EU nations agreed new rules for bank bailouts or “bail-ins” late Wednesday, to save taxpayers from paying for the rescue of ailing financial institutions, an official said.
“Big step tonight,” EU Commissioner Michel Barnier wrote on Twitter.
“Taxpayers no longer in front line to pay 4 banks mistakes,” he added.
“Banks will have to put money aside for rainy days. We are learning lessons of crisis,” he said after the agreement was reached by representatives of the European Parliament, the European Council — the EU’s executive arm — and the 28 member states.
The aim is to make European banks stronger so that they “can lend to the real economy,” he added.
The new directive will eventually dovetail with the EU’s “Banking Union”, which is currently being hammered out.
All countries now accept the principle that if banks get into difficulty, then it will not be the taxpayer but investors and creditors that bear the costs.

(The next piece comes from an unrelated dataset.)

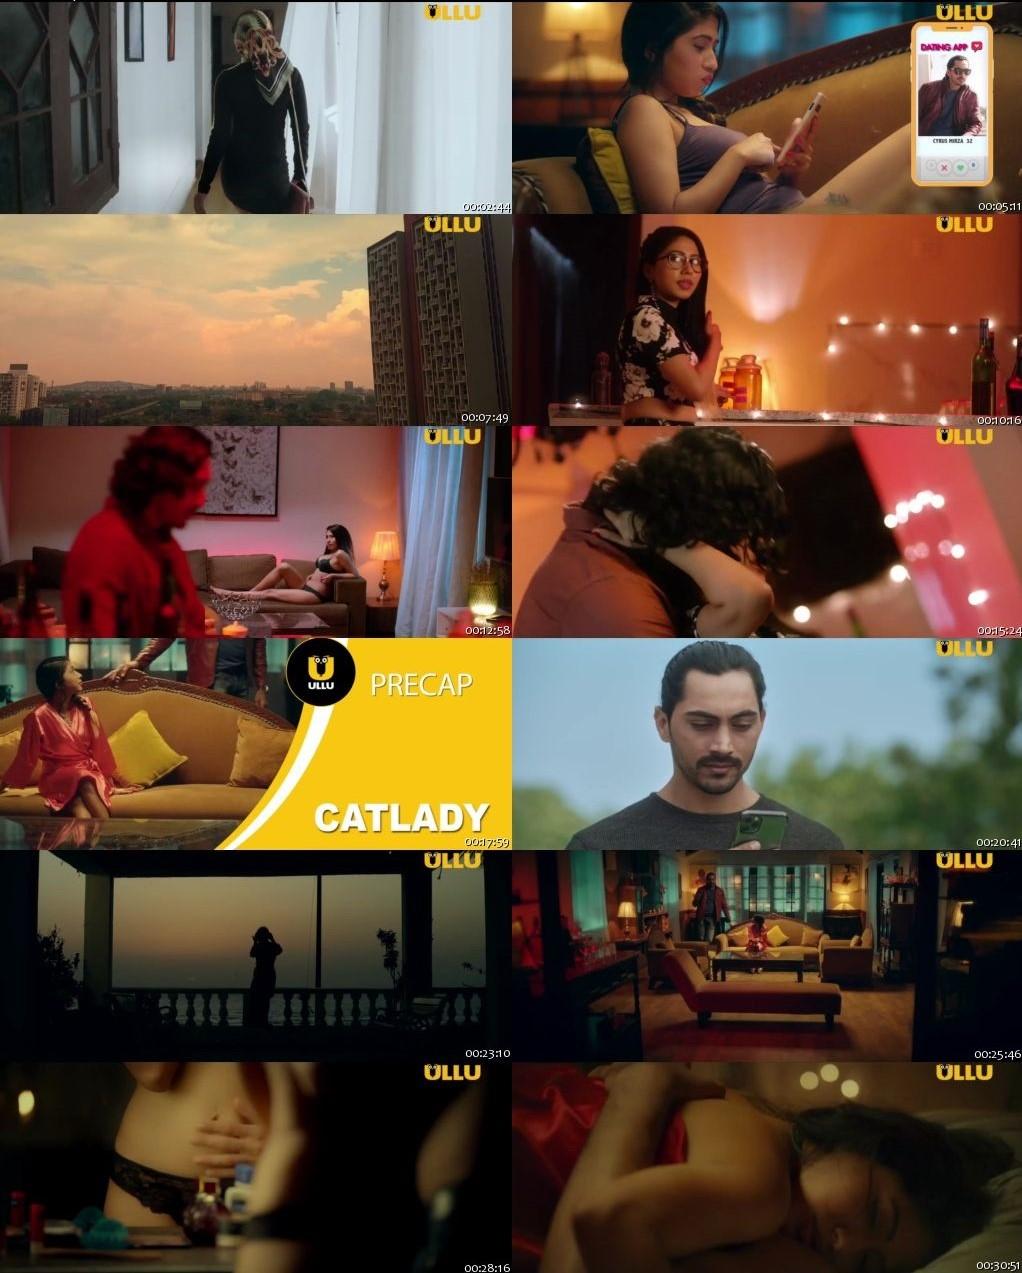 Catlady 2020 Hindi Episode HDRip 720p

But differences remain as to how to put that into practice.
EU ministerial talks in Brussels on Tuesday focused on a so-called Single Resolution Mechanism (SRM) that would step in to close a bank at risk before it could do too much damage to the wider economy.
The SRM would have a pot of cash at its disposal — funded eventually by the banks themselves — to cover the cost involved so the taxpayer does not have to pick up the bill.
The SRM would follow an already agreed Single Supervisory Mechanism that the European Central Bank will run to oversee the top 130 or so eurozone banks directly, and thousands more indirectly via national authorities.
While all agree in principle, the political issues are fraught since the new system would effectively hand control of national banks to the EU.